Content starts
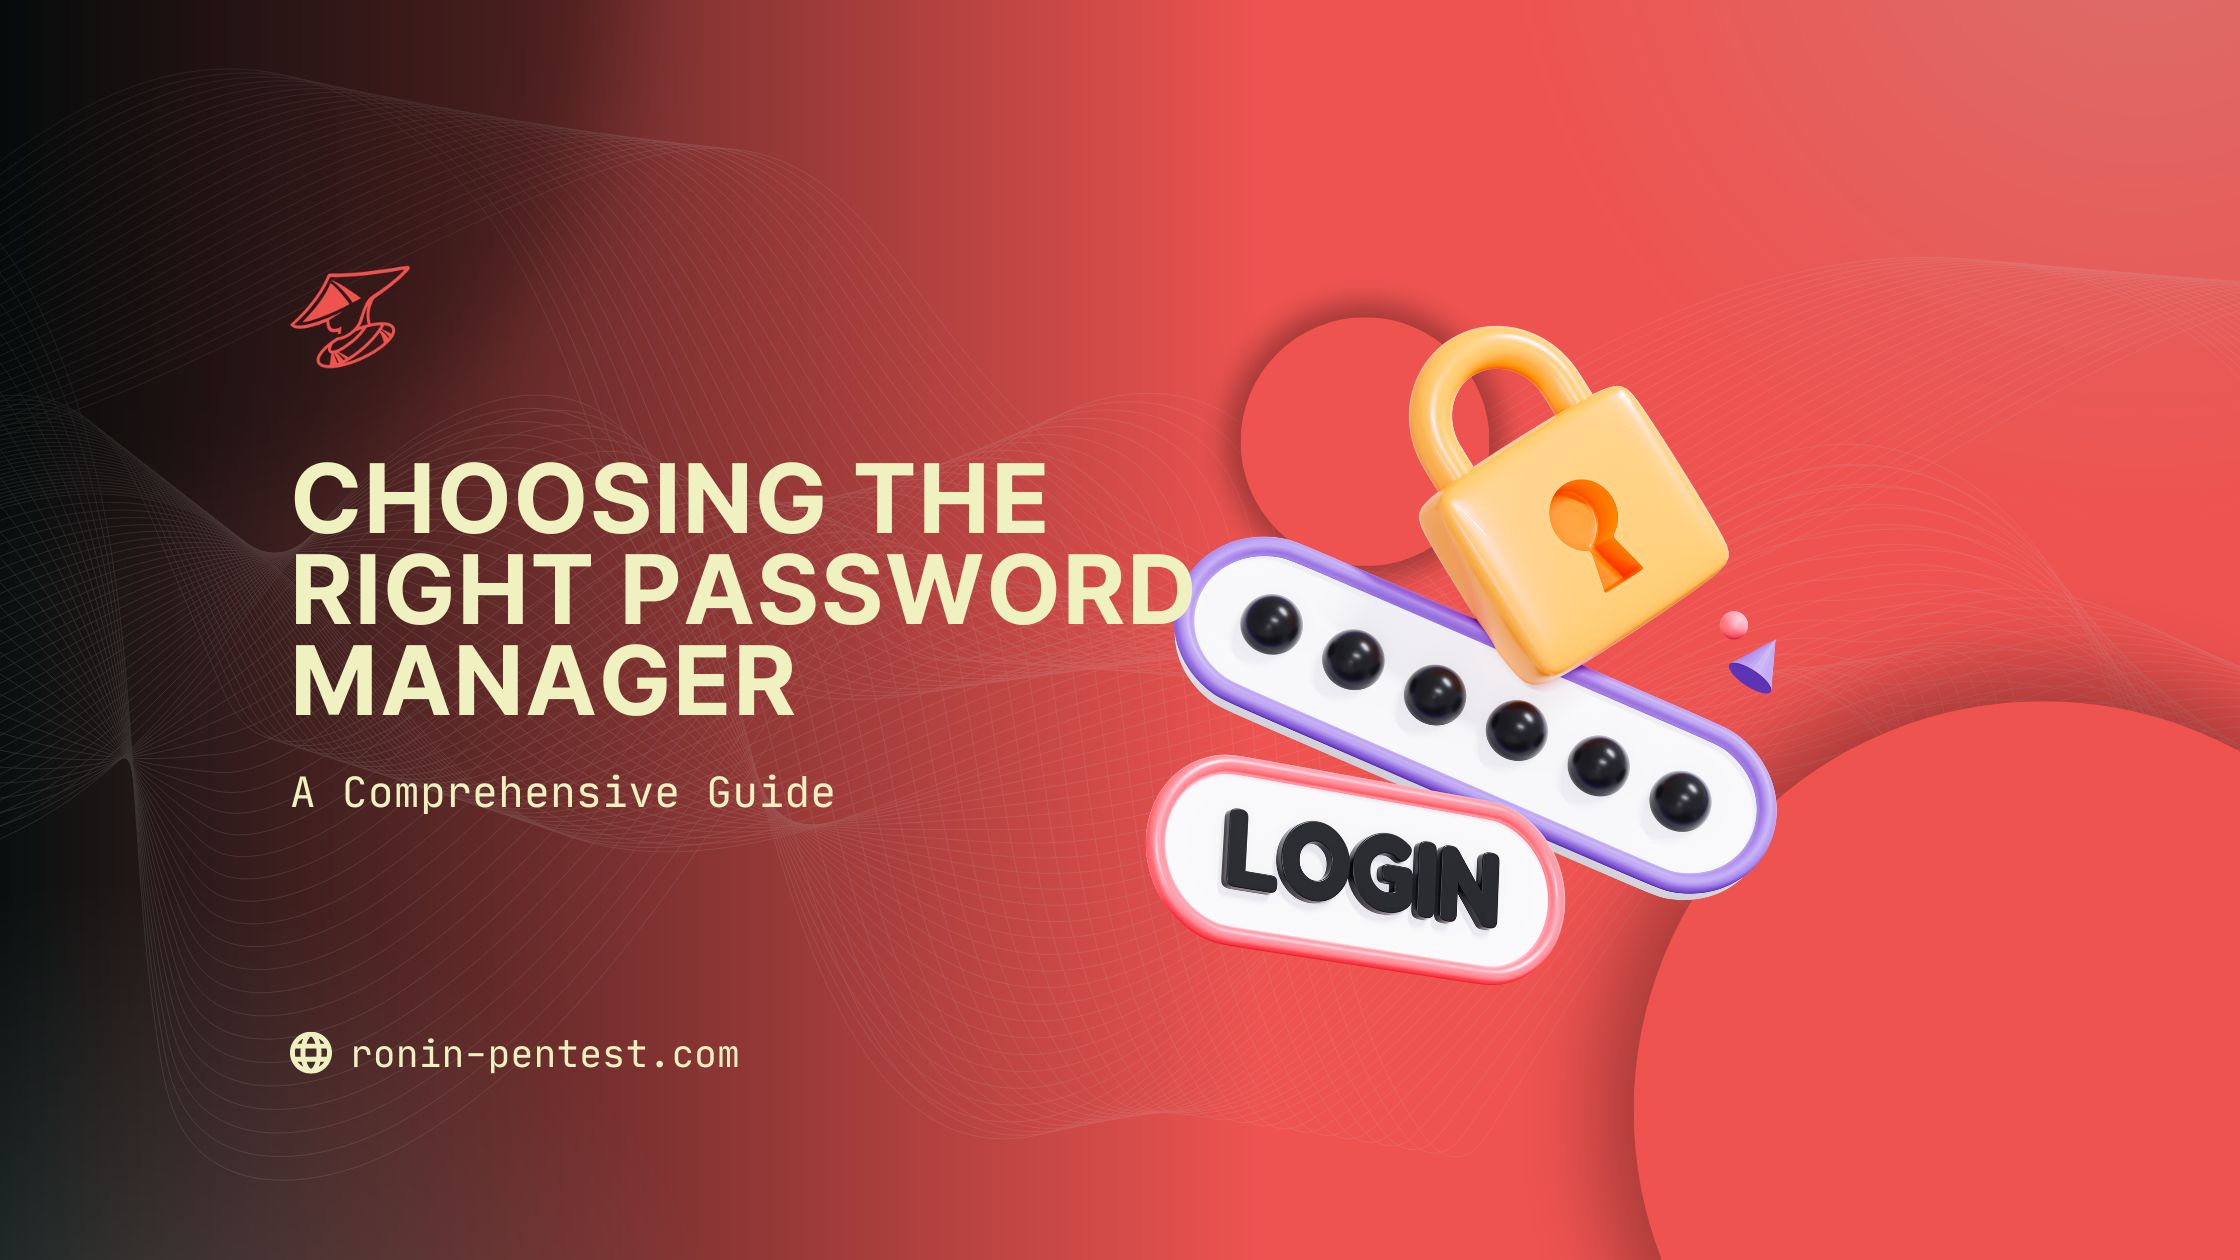 Ronin-Pentest | {Choosing the Right Password Manager: A Comprehensive Guide}
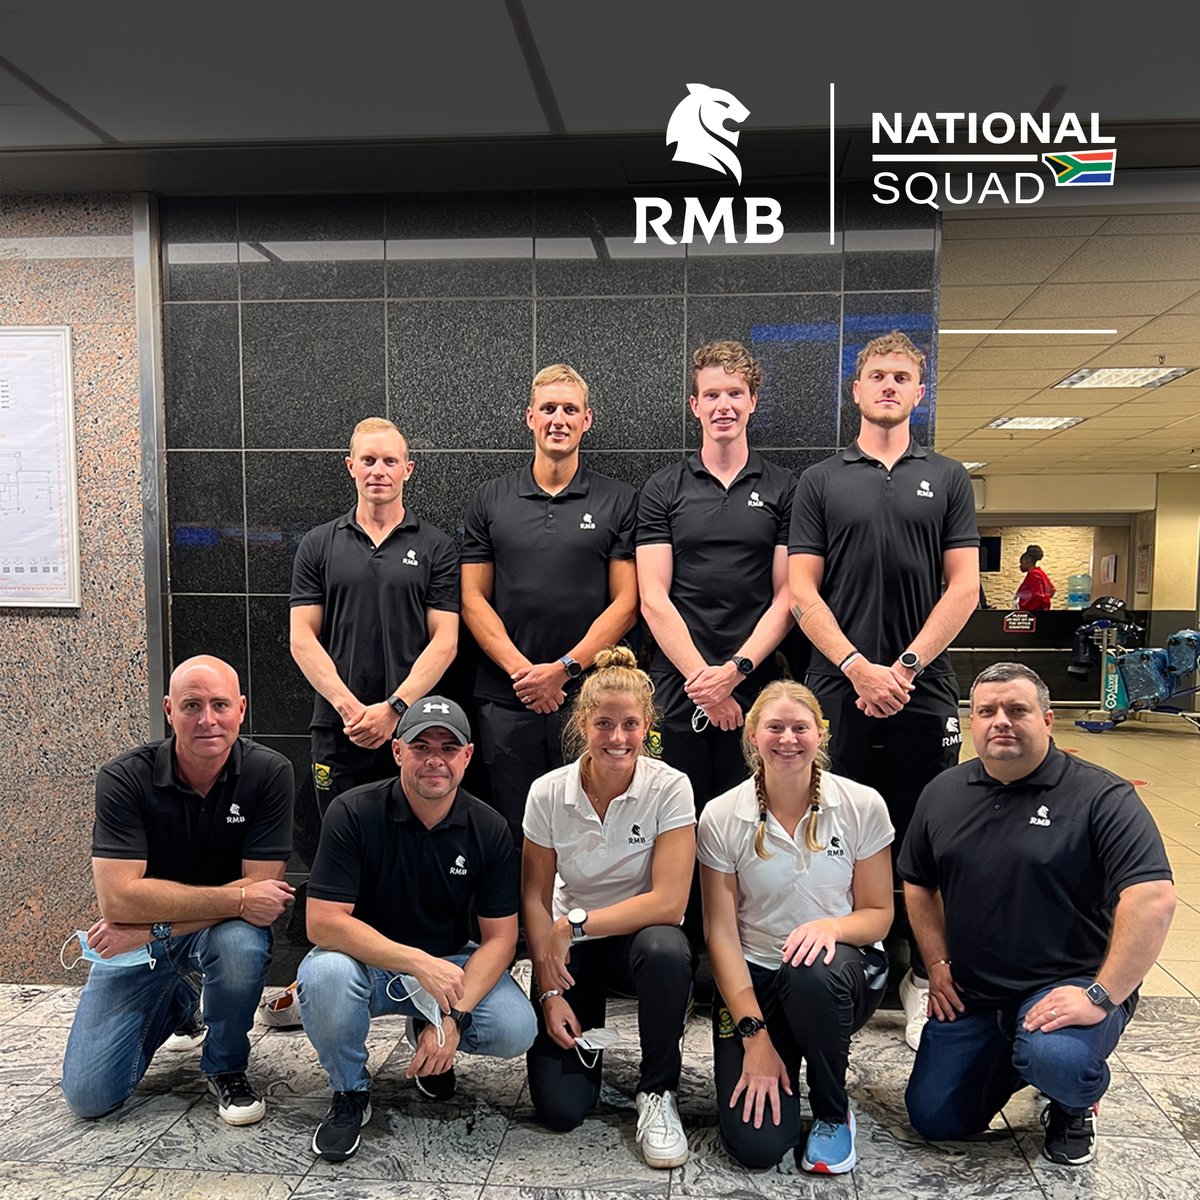 We’re wishing the #RMBNationalSquad all the best as they compete in the final series of the World Rowing Cup III in Lucerne, Switzerland from 7-9 July. 🇿🇦 @RowingRSA @WorldRowing 
#RowingRSA #WorldRowingCup #WRCLucerne
Content ends
Give an exact copy of the listing, without its pictures.

### EXERCISE RESPONSE
 Ronin-Pentest | {Choosing the Right Password Manager: A Comprehensive Guide}
 We’re wishing the #RMBNationalSquad all the best as they compete in the final series of the World Rowing Cup III in Lucerne, Switzerland from 7-9 July. 🇿🇦 @RowingRSA @WorldRowing 
#RowingRSA #WorldRowingCup #WRCLucerne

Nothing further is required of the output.